Turribeach · February 2024

When you add datasets to be build in the scenario step you can select if you want a recursive build or just that dataset.

anaanike · February 2024

When I am writing the python script so that data is exported, I am getting the following error: ImportError: cannot import name 'DSSClient'

Python Script being used is:

import datetime
from dataikuapi.dss import DSSClient

# Connect to Dataiku DSS
client = DSSClient("https://***********.merck.com", "*****************8xrKg3tuejZwdQISmj")

# Get the project
project = client.get_project("DIAGNOSTIC_STATS")

# Get the dataset
dataset = project.get_dataset("COHORT_PTNTS_Scenario")

# Get the Hadoop connection
hadoop_connection = project.get_connection("hhdee-prod")

# Get the destination schema
destination_schema = hadoop_connection.get_schema("pah")

# Generate the export filename
now = datetime.datetime.now()
export_filename = "COHORT_PTNTS_Scenario_{}.csv".format(now.strftime("%Y%m%d_%H%M%S"))

# Export the dataset to the destination schema
dataset.export_to_hive_table(destination_schema, export_filename)

Is there any alternative to this? If you can help me with the python script, that will be great.

Turribeach · February 2024

Where is this piece of Python code running? Inside DSS (ie as a Python recipe) or outside DSS (from a Python script running on a machine which needs to connect remotely to the DSS server)?

anaanike · February 2024

This is inside DSS as a python recipe.

Turribeach · February 2024

OK. This is the correct way to create an API client inside DSS:

import dataiku
client = dataiku.api_client()

Did you use GenAI (ie ChatGPT) to generate your code?

anaanike · February 2024

Yes, I did use GPT to generate the same.
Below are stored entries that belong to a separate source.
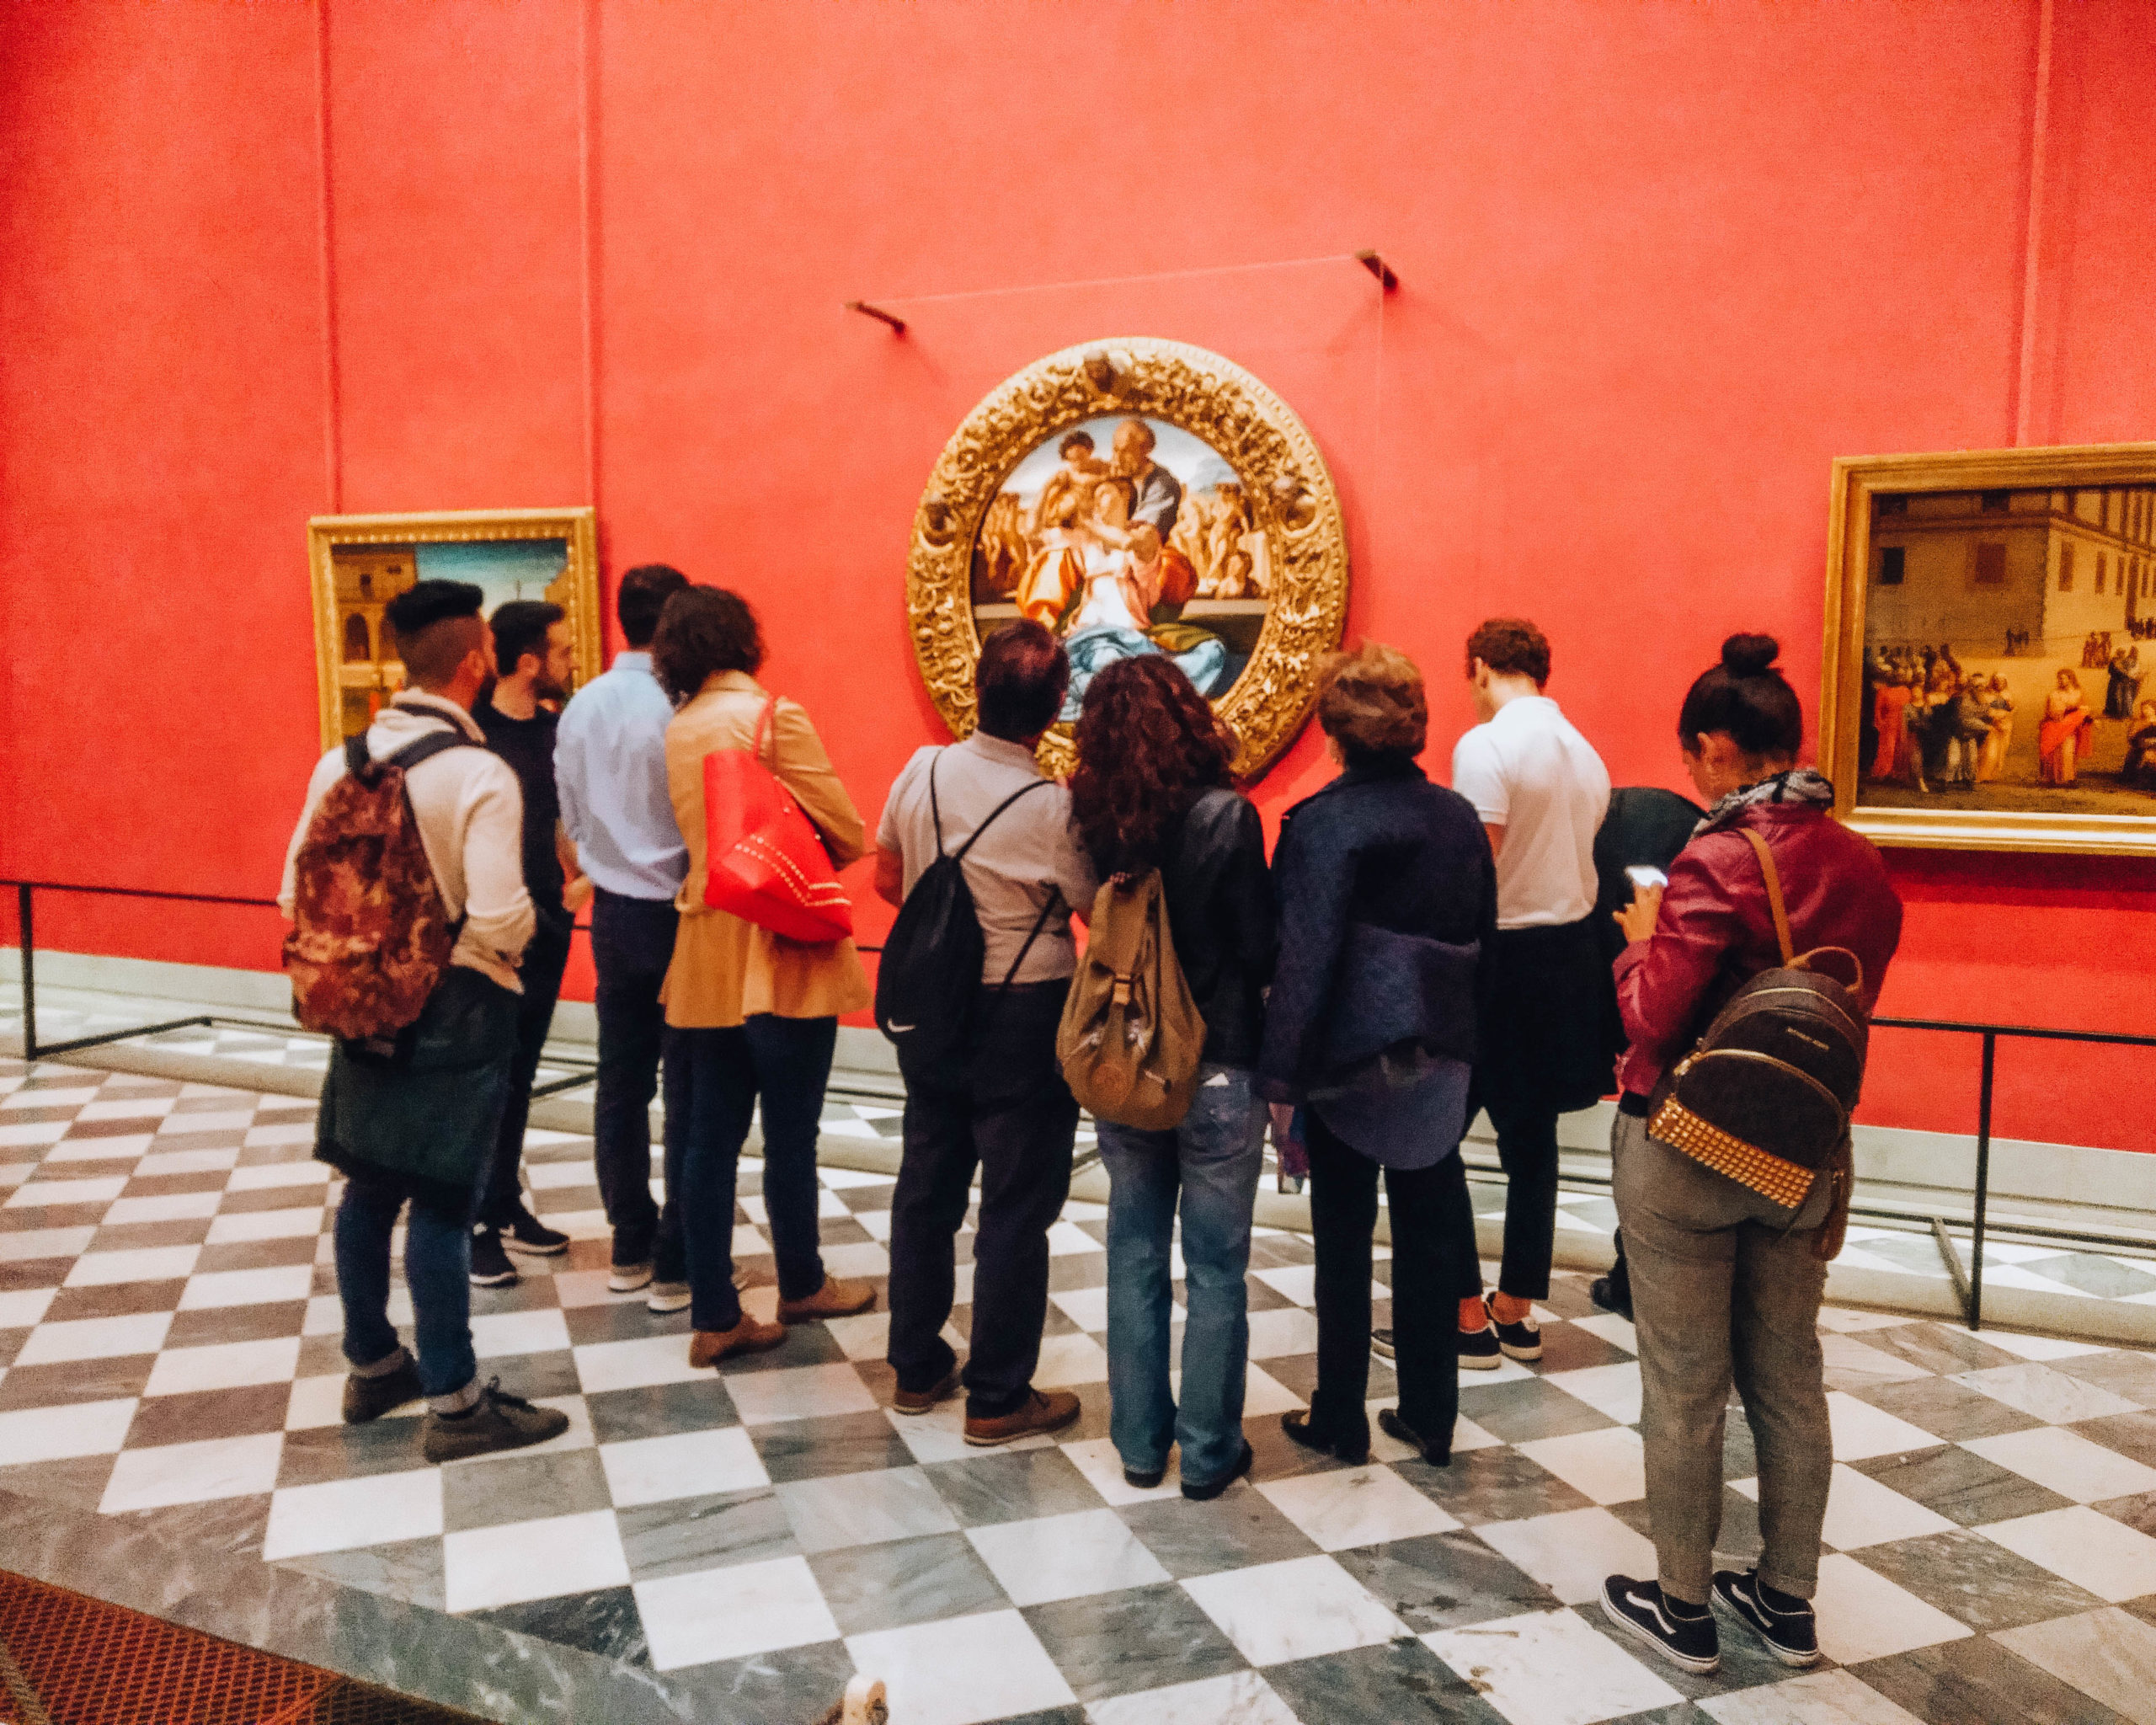 Musei fiorentini: la guida completa dei musei a Firenze
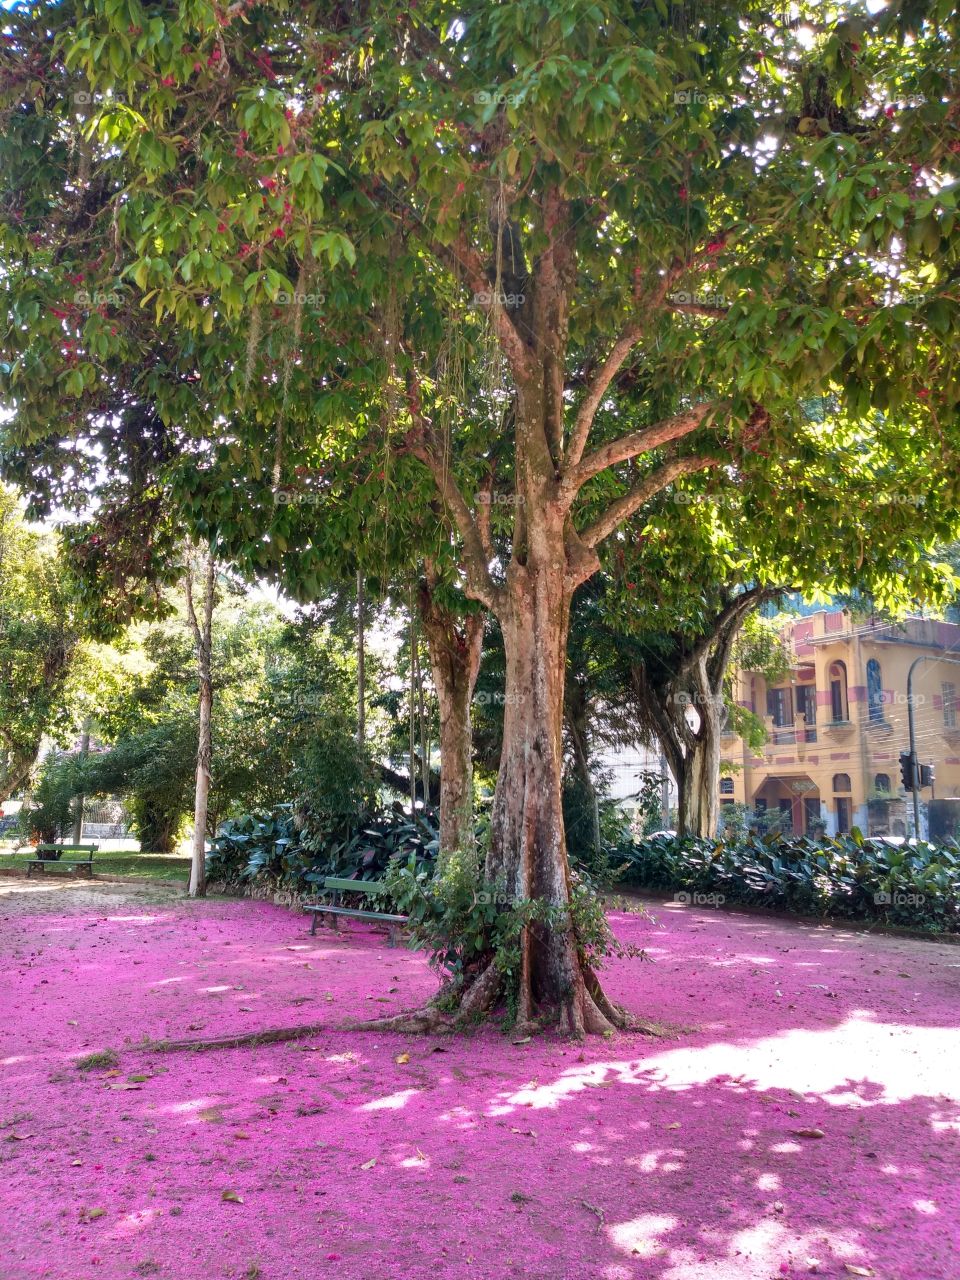 And the floor turned pink. Square in Alto da Boa Vista - Floresta da Tijuca - Rio de Janeiro.
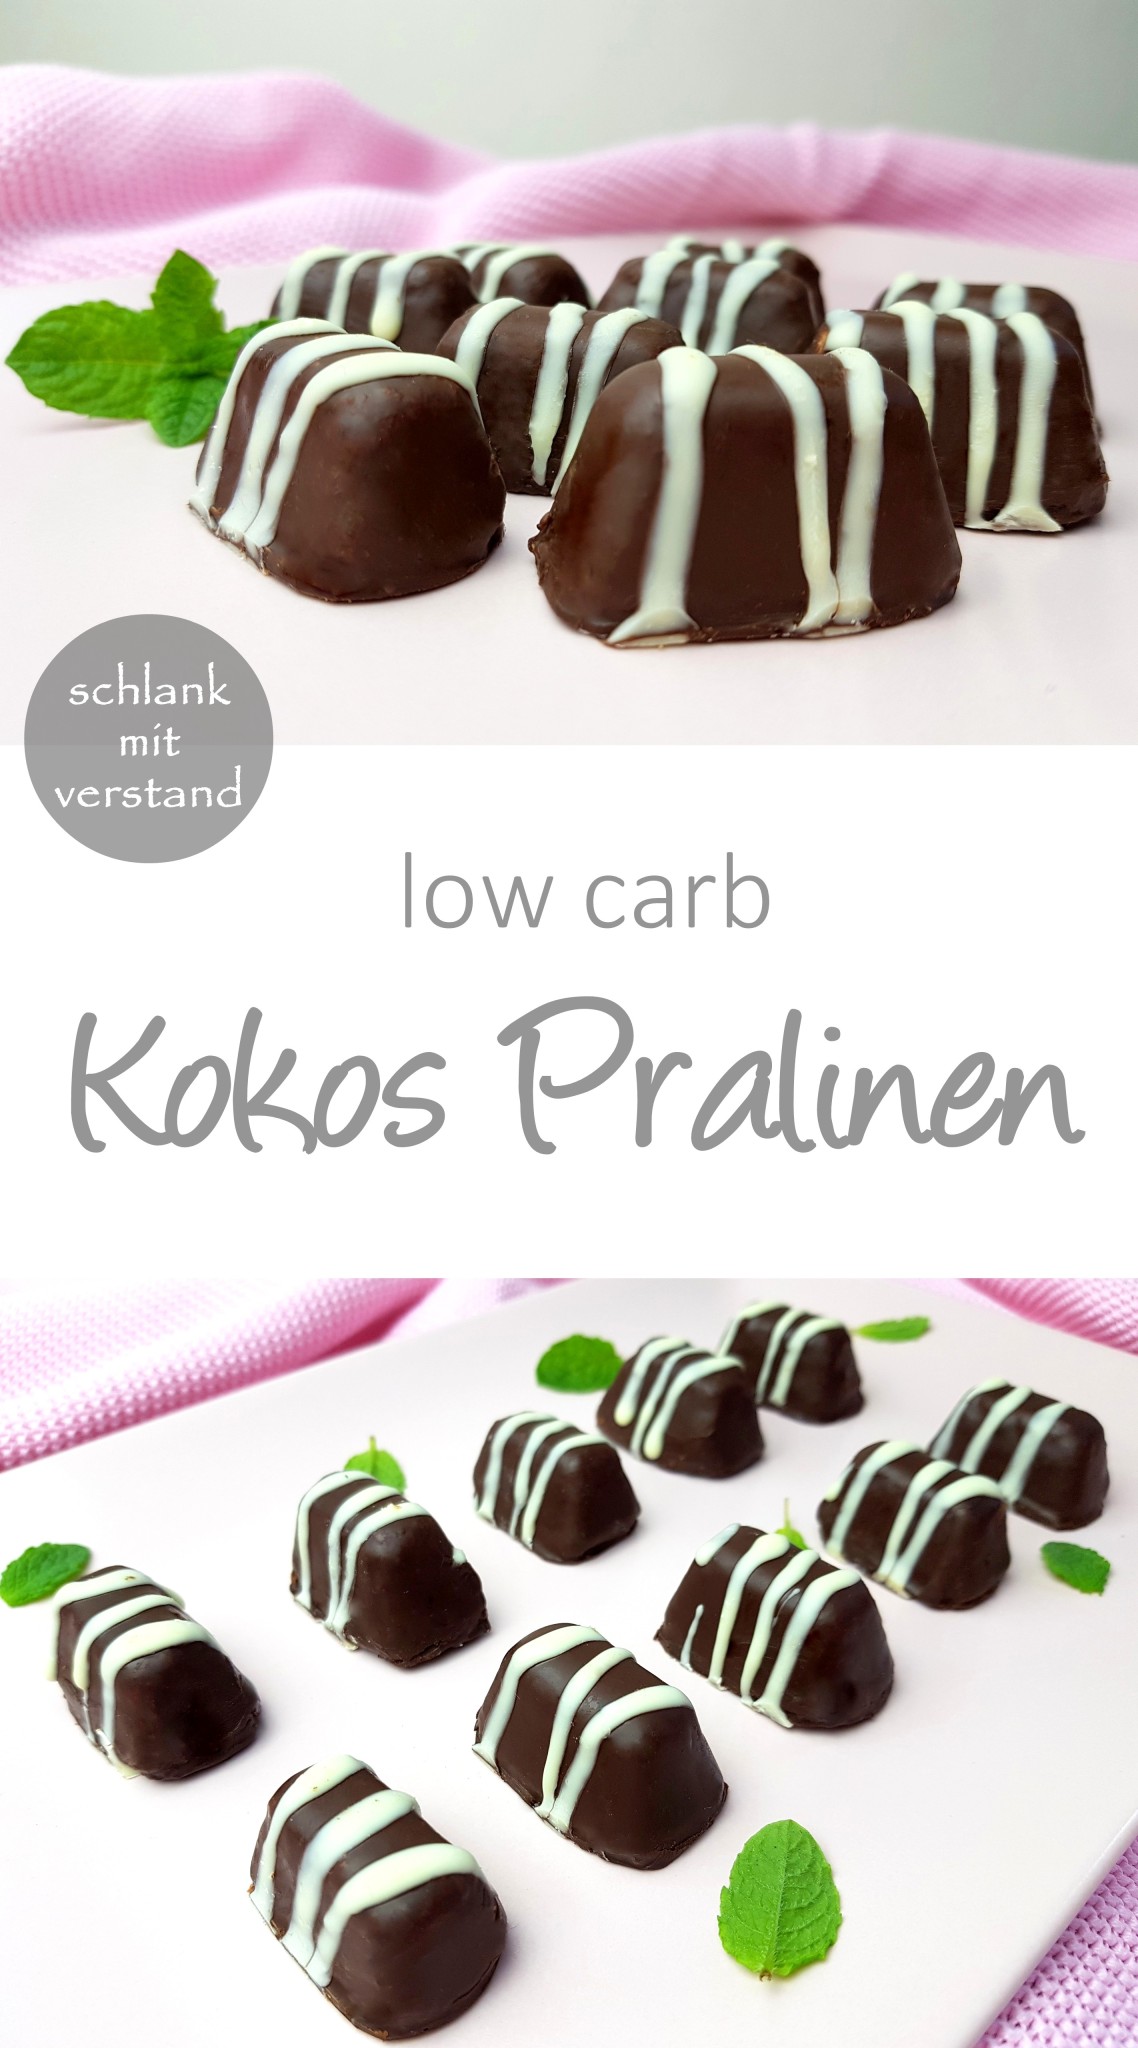 Kokos Pralinen low carb

However, the corrected version is also not working. Is there any alternative to this Python Script? It would be very helpful.

Turribeach · February 2024

Please do not paste GenAI code without explicitly warning people your code was generated by a GenAI bot. It's one thing to try to understand and fix someone else's code and a completely different thing is to do the same with GenAI code. Your GenAI code suffers from an AI Hallucination since it uses an API method that doesn't exist: dataset.export_to_hive_table(). And if you are posting GenAI code please include the prompt you used to generate it, so people looking at the code can try to understand what the GenAI was asked to do and therefore understand your true requirement better.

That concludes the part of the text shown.